Volgens Kirsten Schuijt, directeur van het Wereld Natuur Fonds, gaat veel natuur sluipenderwijs verloren.“Ons landschap wordt monotoon en stil, zonder dat we het in de gaten lijken te hebben. Want heide bloeit nog steeds prachtig paars en weilanden zijn groen. Maar wie weet nog dat vroeger wolken vlinders op de heide te zien waren? En dat het boerenland een walhalla was voor weidevogels, bloemen en insecten? We hebben de natuur inmiddels zo diep uitgehold dat ons welzijn en onze welvaart in het geding komen."

Trendgegevens

Het Wereld Natuur Fonds heeft anderhalf jaar aan het rapport gewerkt, samen met onderzoeksorganisaties als het Naturalis Biodiversity Center, Sovon Vogelonderzoek, RAVON, de Vlinderstichting, de Zoogdiervereniging en EIS Kenniscentrum Insecten.

Het Centraal Bureau voor de Statistiek (CBS) publiceert de trendgegevens van dierpopulaties die aan het rapport ten grondslag liggen vandaag ook op het Compendium van de Leefomgeving. Voor de studie zijn nieuwe statistische analyses toegepast en historische meetgegevens gebruikt. Dat levert een beter inzicht op dan tot nu toe voorhanden was.

‘Hele keten raakt ontwricht’

Natuurmonumenten onderkent de ernstige achteruitgang van planten en dieren door de overmaat van stikstof in de natuur. “De onderliggende problematiek is gigantisch”, vertelt ecoloog Robert Ketelaar.

“Stikstof heeft in dubbel opzicht een negatief effect op onze natuur. Aan de ene kant werkt stikstof als een soort mest waardoor stikstofminnende planten de oorspronkelijke vegetatie verdringen. Dat zie je op de hei en op het stuifzand, waar grassen en mossen oprukken en zelfs algen de bodem bezetten. Funest voor heel veel insecten.

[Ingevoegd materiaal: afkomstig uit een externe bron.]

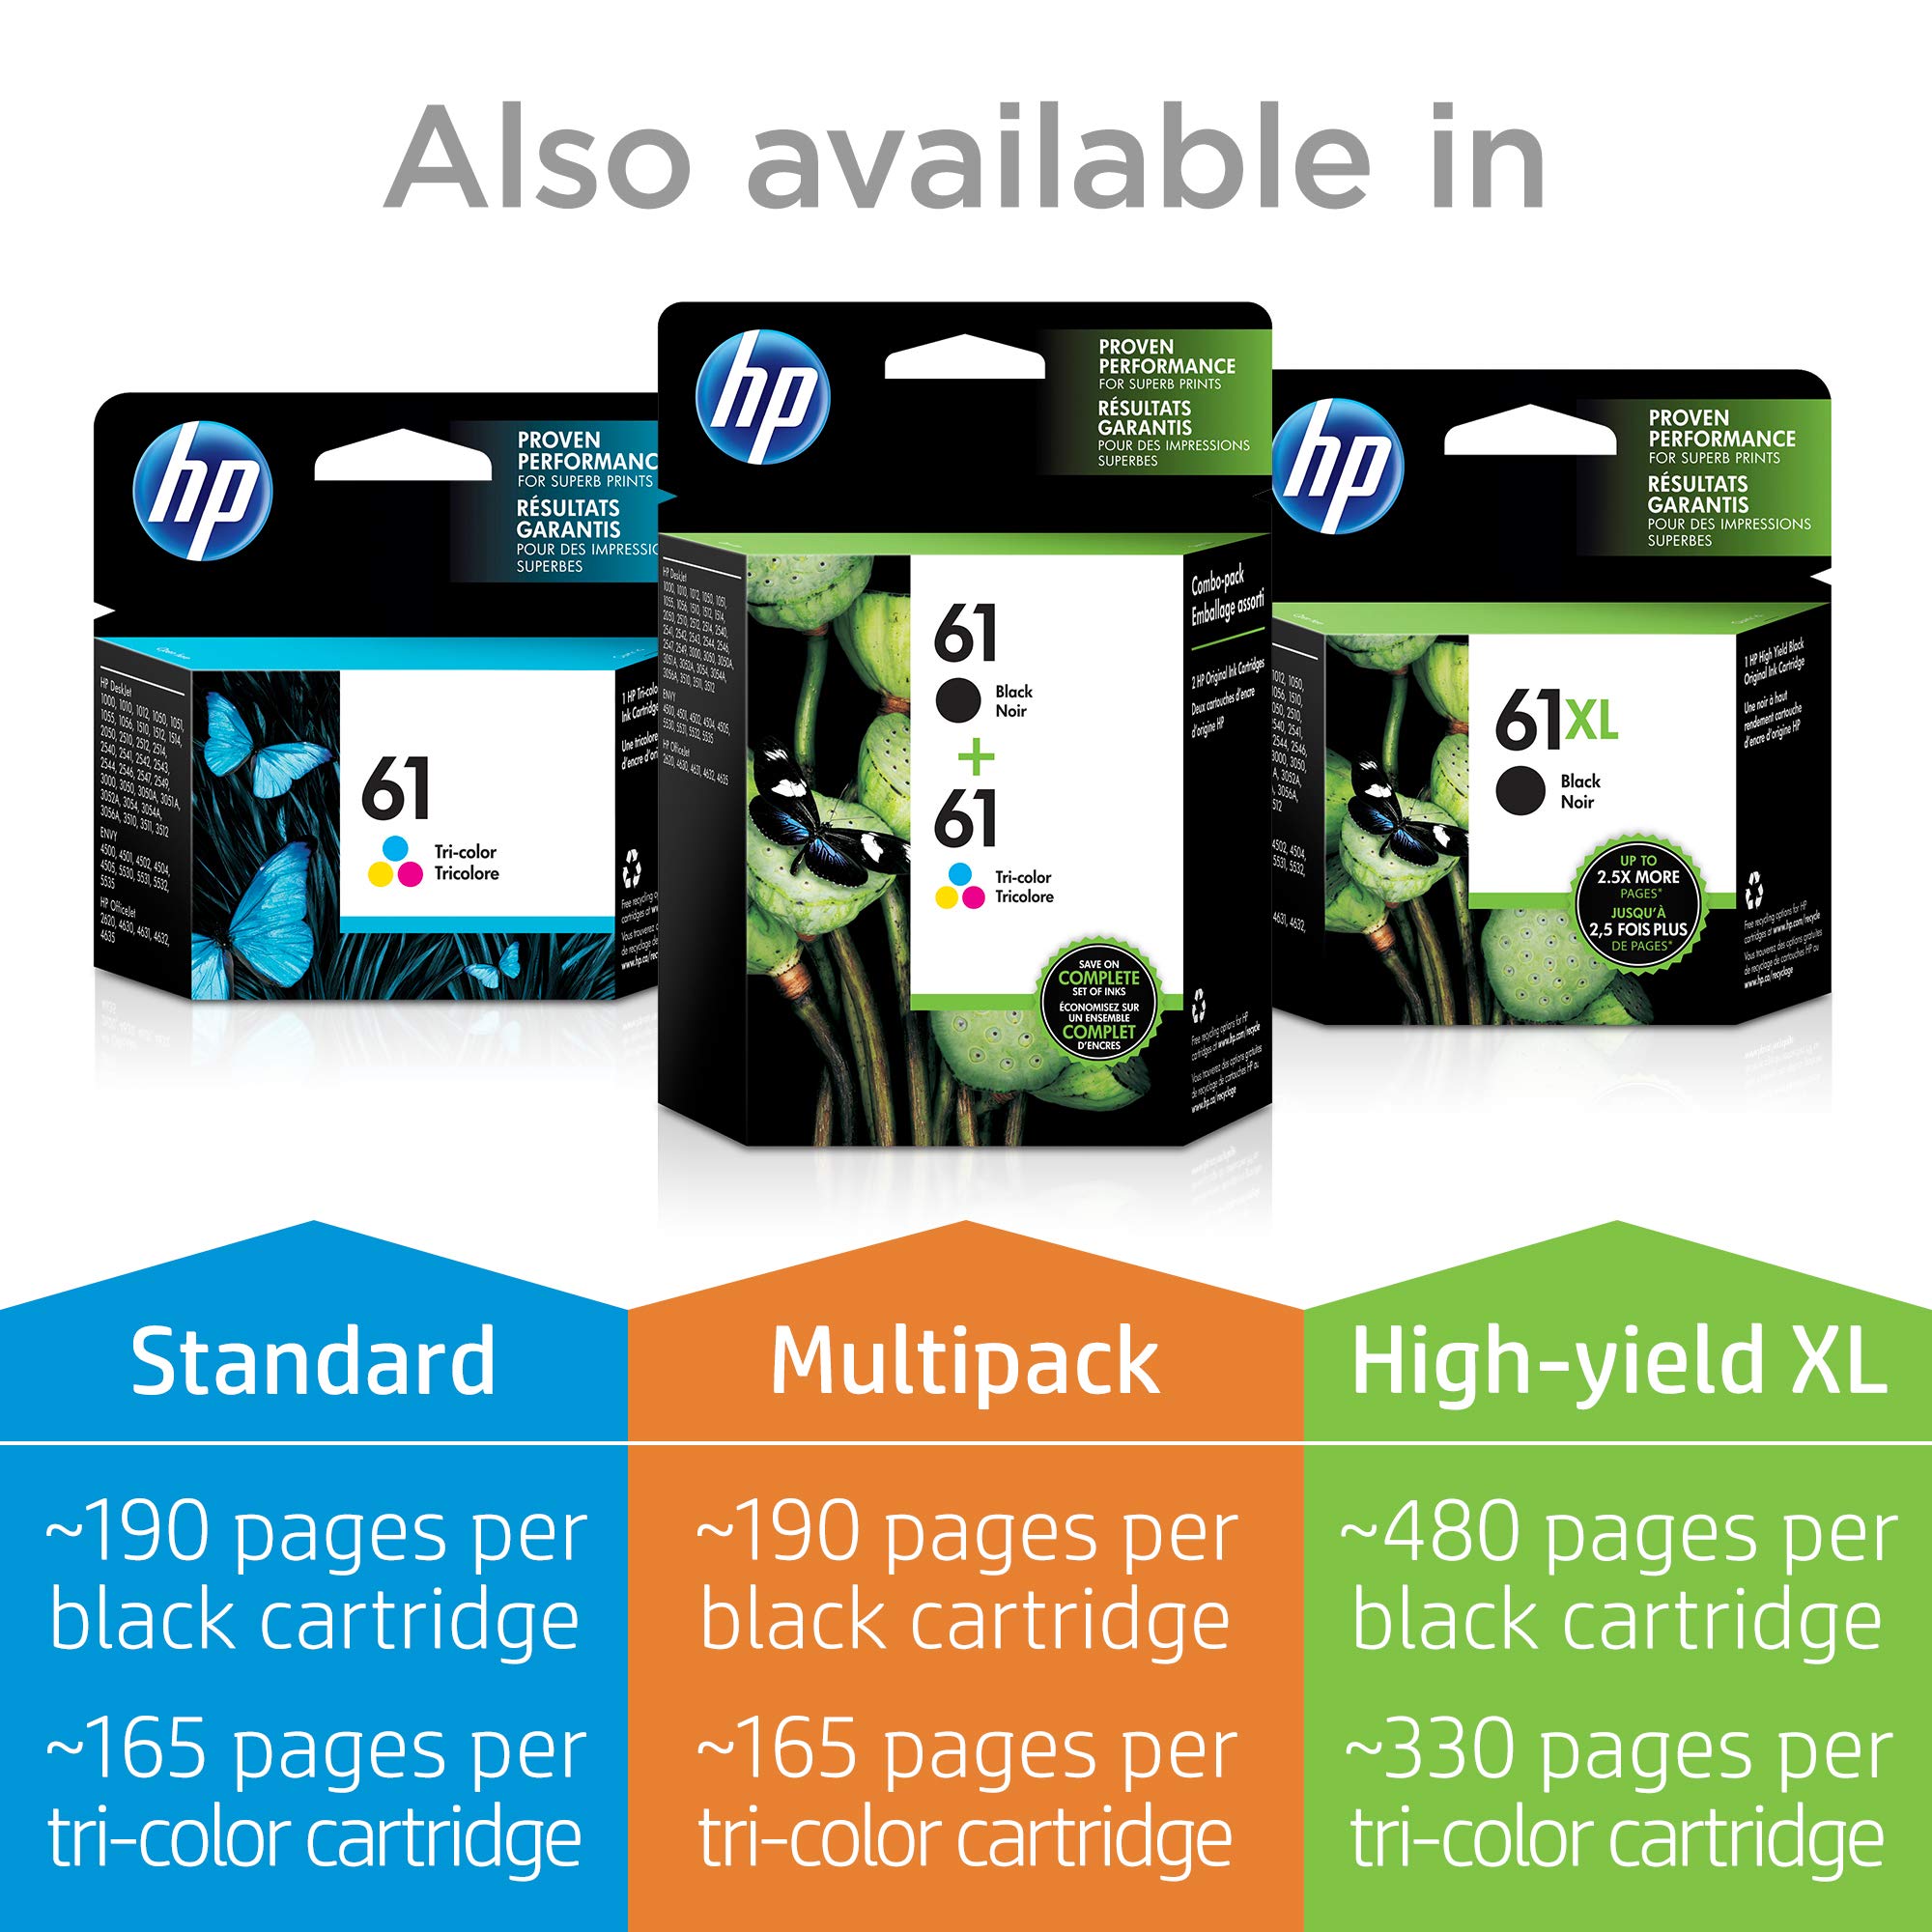 HP 61 | 2 Ink Cartridges | Black | Works with HP DeskJet 1000 1500 2050 2500 3000 3500 Series, HP ENVY 4500 5500 Series, HP OfficeJet 2600 4600 Series | CZ073FN

Aan de andere kant versterkt stikstof de verzuring van de bodem. Daardoor spoelen veel mineralen weg die planten en bomen nodig hebben om te kunnen groeien. Zomereiken kwijnen bijvoorbeeld weg of sterven af. Hun blad bevat minder voedingsstoffen voor rupsen. En dus ook voor vogels die rupsen eten. Zo raakt de hele keten ontwricht.”

Herstel is mogelijk

Het rapport toont ook aan dat herstel mogelijk is. In bossen bleven dierpopulaties landelijk gemiddeld stabiel. In bossen op de hoge zandgronden daalden de aantallen dieren weliswaar op plekken met veel stikstofneerslag, maar in gebieden waar stikstofneerslag de afgelopen jaren daalde, bleek de omvang van dierpopulaties gegroeid. 



Het Living Planet Report concludeert dat herstel van biodiversiteit mogelijk is maar om doorzettingsvermogen vraagt. Er zijn forse investeringen nodig in de kwaliteit en kwantiteit van natuur én in een omslag van de landbouw. Boeren hebben hiervoor steun nodig zodat zij kunnen omschakelen naar natuurvriendelijke kringlooplandbouw.